PROVIDED MATERIAL =>
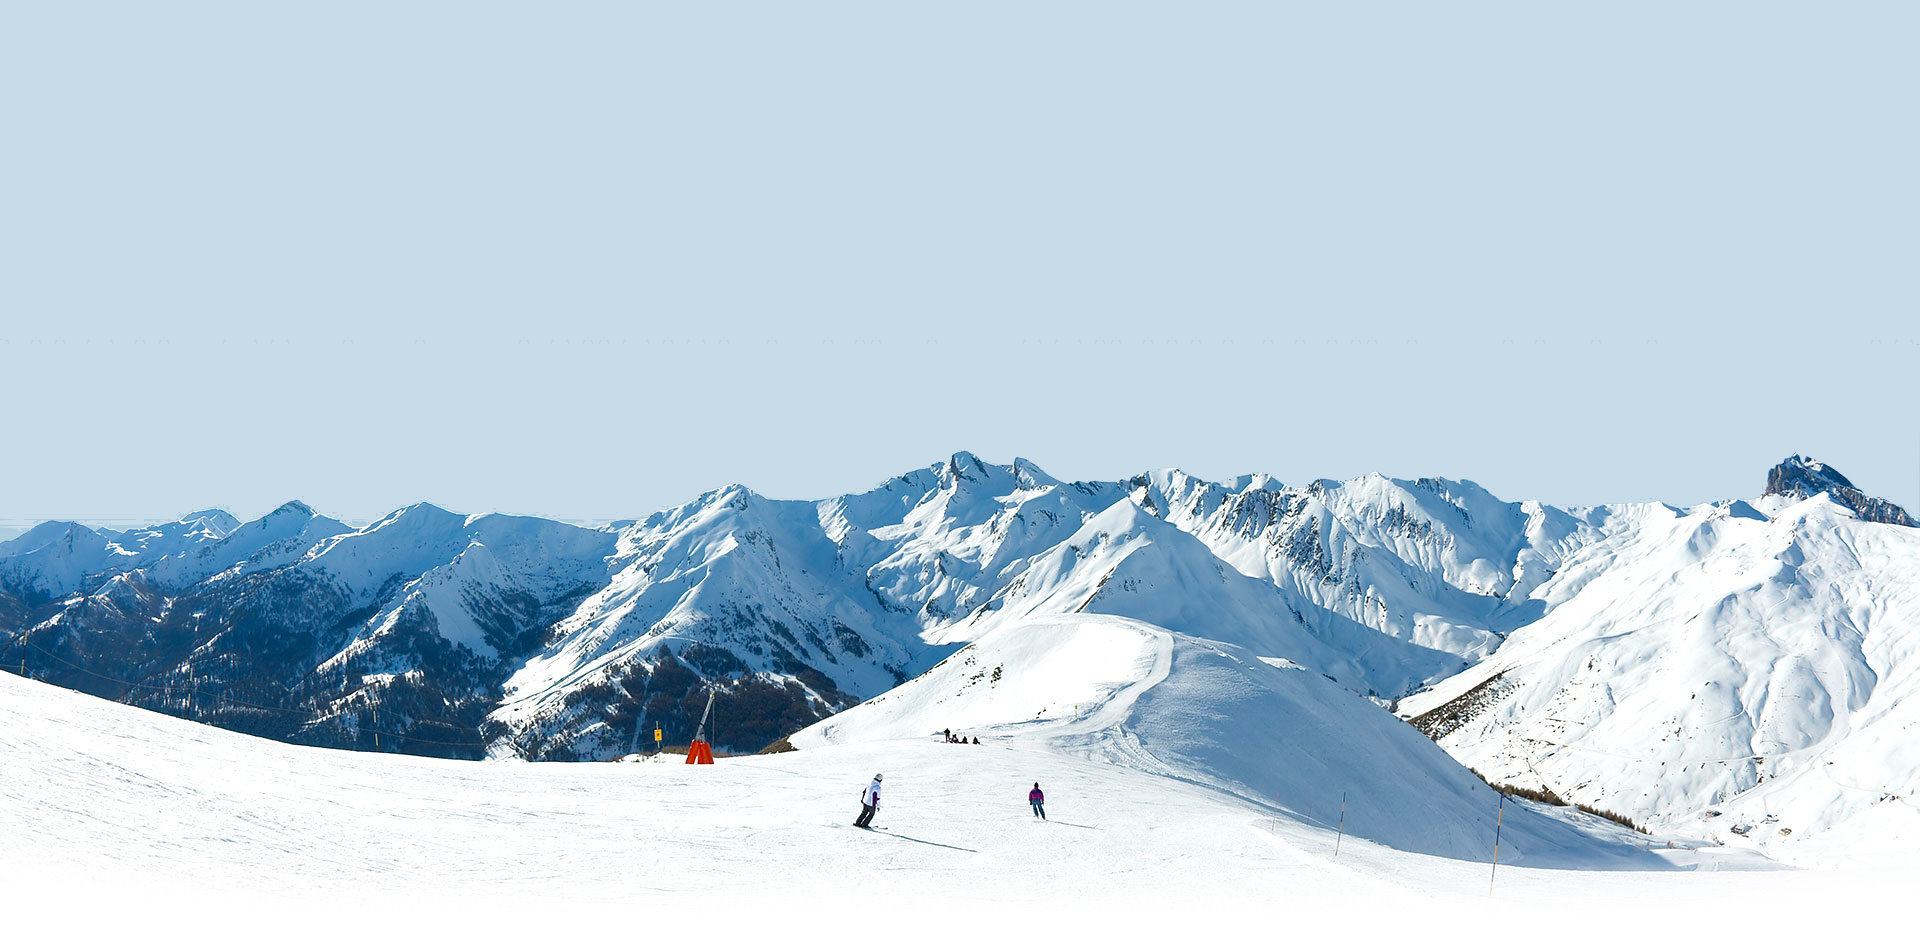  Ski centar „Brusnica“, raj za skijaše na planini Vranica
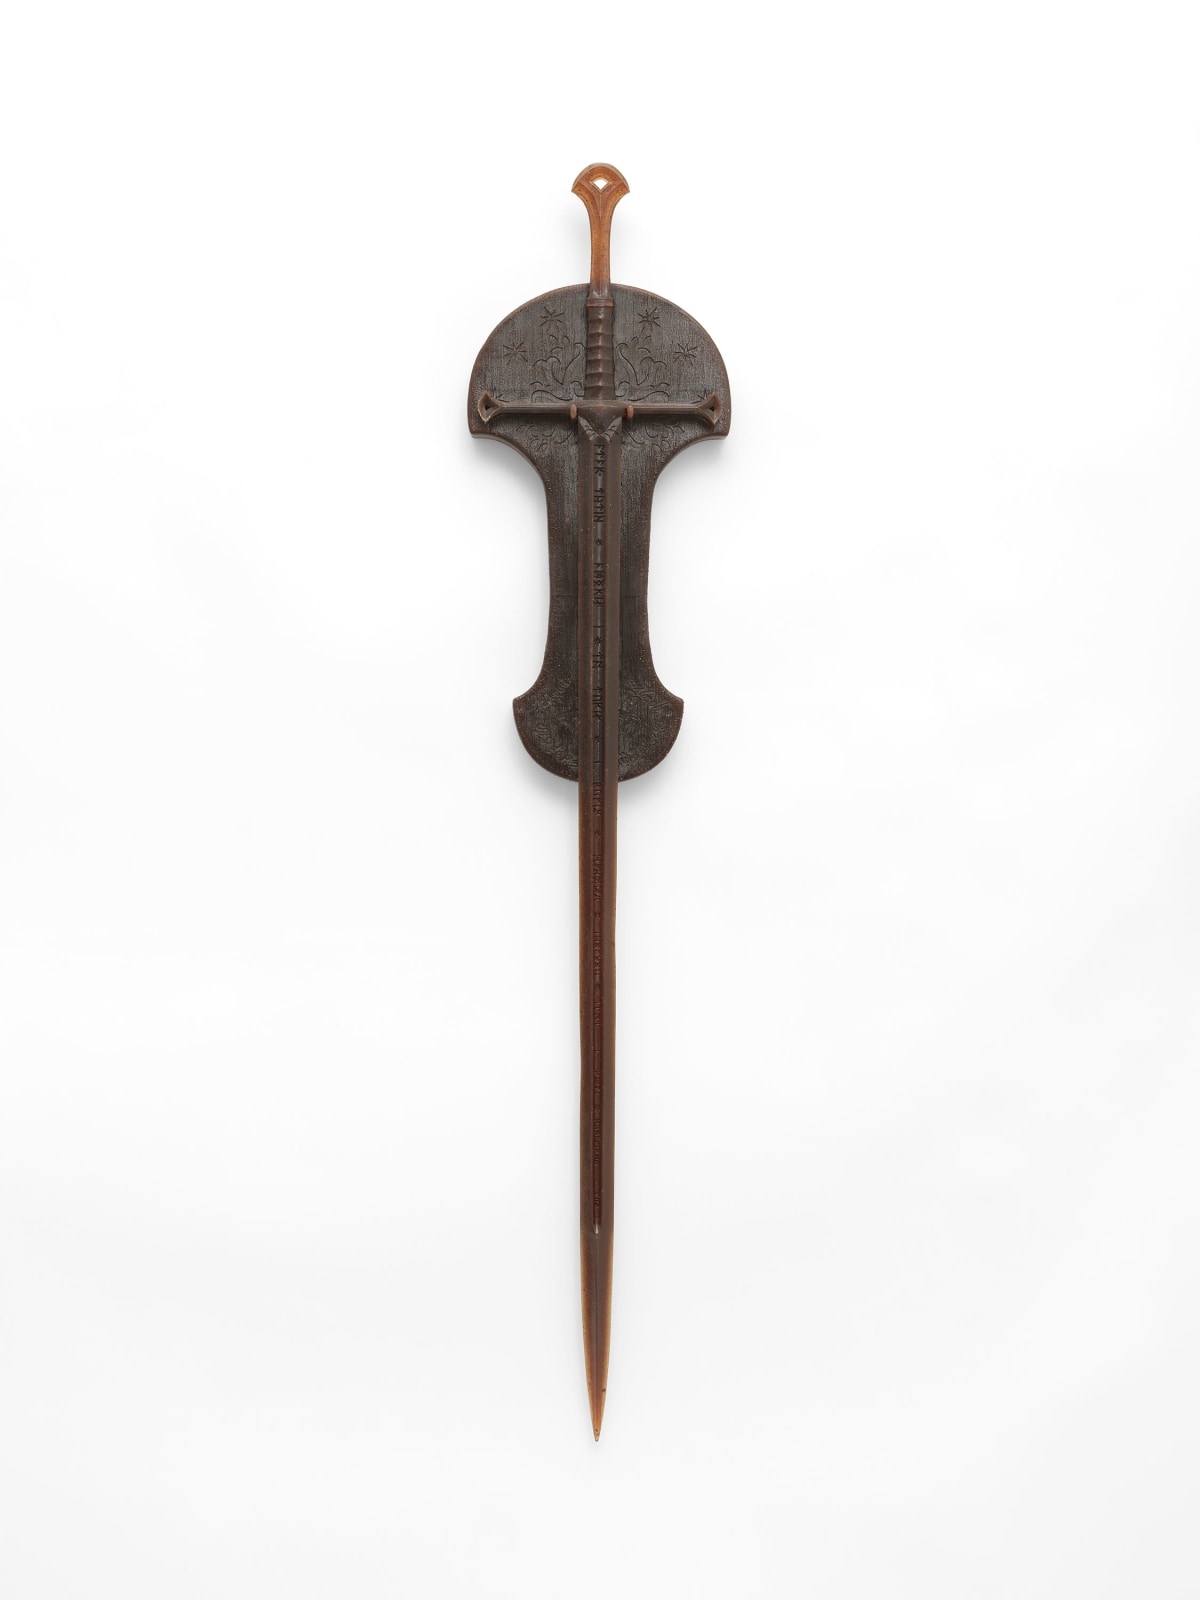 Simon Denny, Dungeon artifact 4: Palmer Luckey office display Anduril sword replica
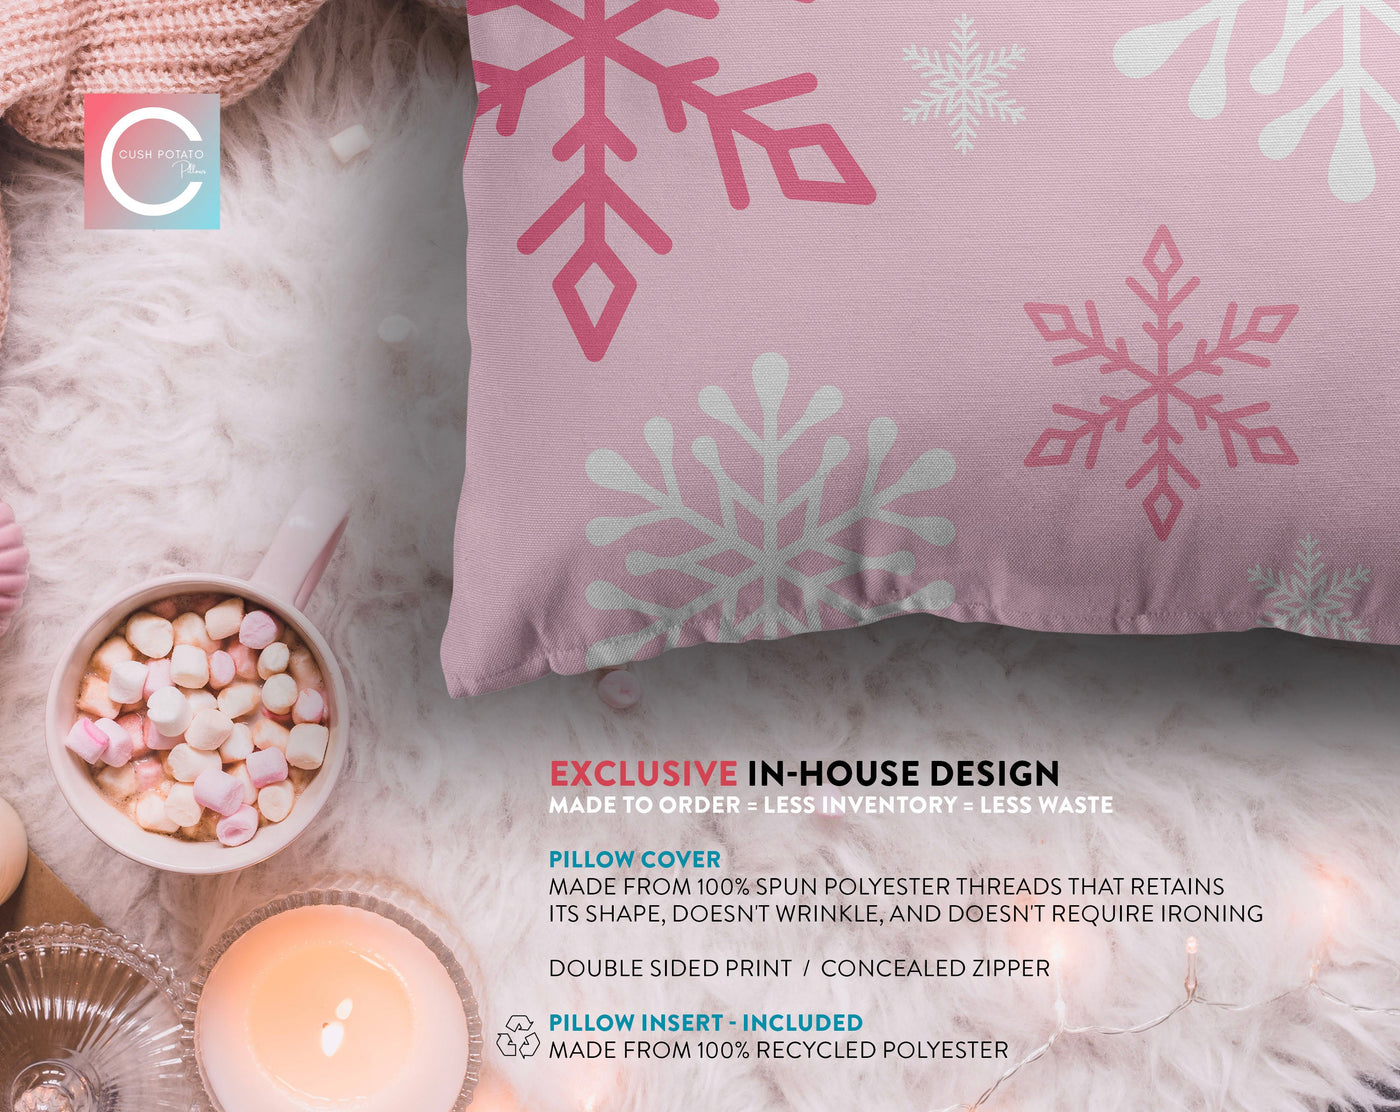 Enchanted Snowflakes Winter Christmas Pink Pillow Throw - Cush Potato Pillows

WHAT IS NEEDED =>
Leaving aside every picture, transcribe exactly the lines that run from the one with "Simon Denny, Dungeon" to the close of the listing above.

REPLY TO THE TASK =>
 Simon Denny, Dungeon artifact 4: Palmer Luckey office display Anduril sword replica
 Enchanted Snowflakes Winter Christmas Pink Pillow Throw - Cush Potato Pillows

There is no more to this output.